If the data needs to be reused, it is good practice to save the data. In this case, we can save the filtered building data in CW into a GeoJSON file.

In [None]:
buildings_cw.to_file("/content/drive/MyDrive/Data/HK_Buildings/buildings_cw.json", driver='GeoJSON')

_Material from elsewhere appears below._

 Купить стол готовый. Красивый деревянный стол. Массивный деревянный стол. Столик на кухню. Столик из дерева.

### 1.4 Plot building data in CW

We can read the saved "buildings_cw.json" file if it exists.

In [None]:
#buildings_cw = gpd.read_file("/content/drive/MyDrive/Data/HK_Buildings/buildings_cw.json")

In [None]:
buildings_cw.plot(figsize=(16, 8))

Now, let us plot the buildings based on their "TOPHEIGHT". Note that some buildings do not have a valid value for "TOPHEIGHT". Therefore, we need to first filter out these observations.

In [None]:
buildings_cw_with_height = buildings_cw[buildings_cw['TOPHEIGHT'].notnull()]
buildings_cw_with_height.shape

With the filtered data, we can color the building polygons based on their height.

In [None]:
buildings_cw_with_height.plot(column='TOPHEIGHT', legend=True, figsize=(16, 8))

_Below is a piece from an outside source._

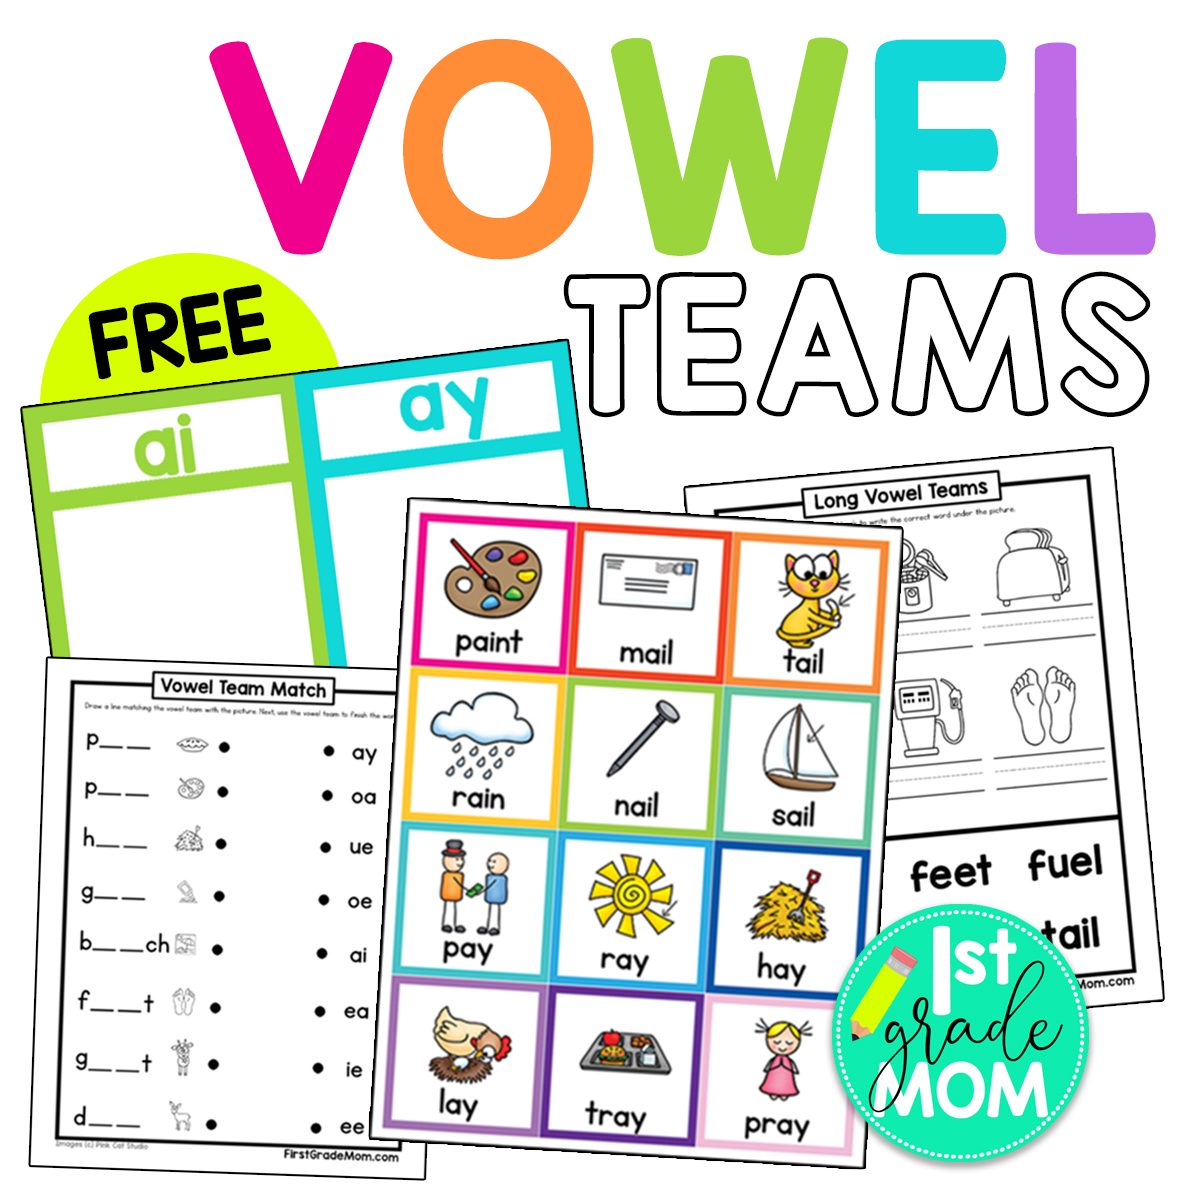 Vowel Team Worksheet Printable Word Searches

## 2. Street Network Analysis using OSMnx

In this task, we will perform some basic analysis on street network data for the CW district of Hong Kong. We will use **OSMnx** to obtain the street network data from [OpenStreetMap](https://www.openstreetmap.org/).

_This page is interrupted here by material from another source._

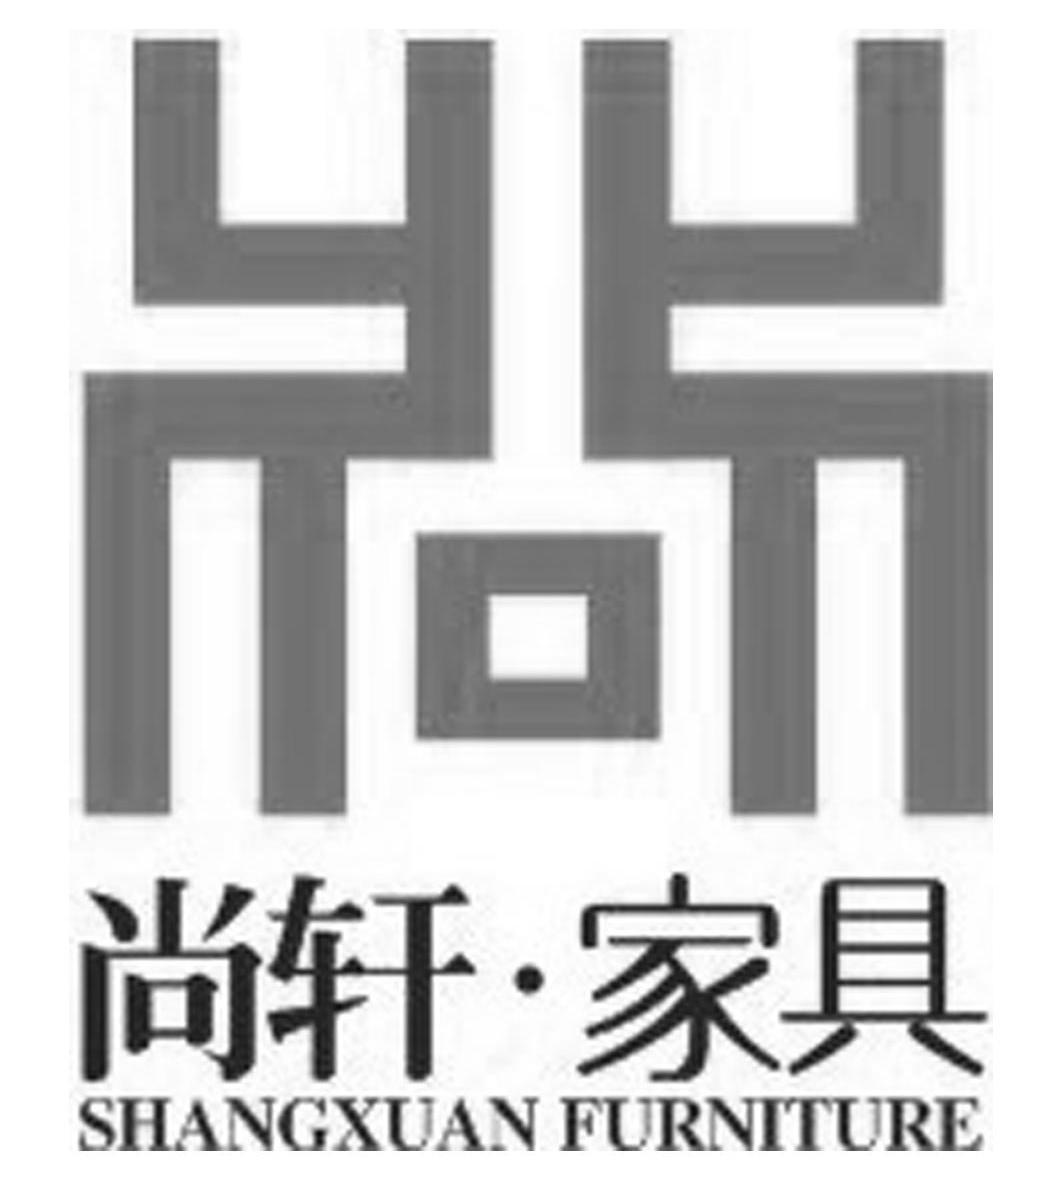  em>尚轩 /em>· em>家具 /em> shangxuan furniture

### 2.1 Coordinated Reference Systems (CRS) conversion

The geospatial data provided by the HK government in usually in **EPSG:2326**, which is a projected coordinate system suitable within the spatial boundary of HK. However, many internationally standard datasets (such as OpenStreetMap) uses **EPSG:4326** (or WGS 84). Therefore, to query street network data from OpenStreetMap, we need to first convert the CRS of the CW district boundary to WGS 84.

In [None]:
cw.crs

In [None]:
cw['geometry'][0]

In [None]:
cw_WGS84 = cw.to_crs("epsg:4326")
cw_WGS84.crs

In [None]:
cw_WGS84['geometry'][0]

### 2.2 Download street network data from OpenStreetMap

Once we define the CW district boundary in WGS84, we can use it to query the street network data from OpenStreetMap through OSMnx.

In [None]:
cw_streets = ox.graph_from_polygon(cw_WGS84['geometry'][0])

In [None]:
ox.plot_graph(cw_streets)

### 2.3 Basic analysis of the street network in CW

Let us first show some summary statistics about the street network in CW.

In [None]:
stats = ox.basic_stats(cw_streets)
pd.Series(stats)

Then, we can visualize the street network and color the nodes (i.e. intersections) based on the number of connected street segments.

In [None]:
nc_street_count = ox.plot.get_node_colors_by_attr(cw_streets, "street_count", cmap="YlGnBu")

fig, ax = ox.plot_graph(
    cw_streets,
    node_color=nc_street_count,
    node_size=5,
    node_zorder=2,
    edge_linewidth=0.2,
    edge_color="w"
)

## 3. Spatial Data Visualization using Kepler.gl

In this task, we will plot the buildings in CW using Kepler.gl, and explore its various functions.

Note that, in Google Colab, support for third party widgets (such as Kepler.gl) needs to be enabled separately.

In [None]:
from google.colab import output
output.enable_custom_widget_manager()

### 3.1 Basic plot

In [None]:
cw_map = keplergl.KeplerGl(height=600)
cw_map.add_data(data=buildings_cw_with_height.copy(), name="Buildings in CW")
cw_map

### 3.2 Explore more functionalities in Kepler.gl

Dr Jiali Zhou will introduce more functionalities in Kepler.gl without programming.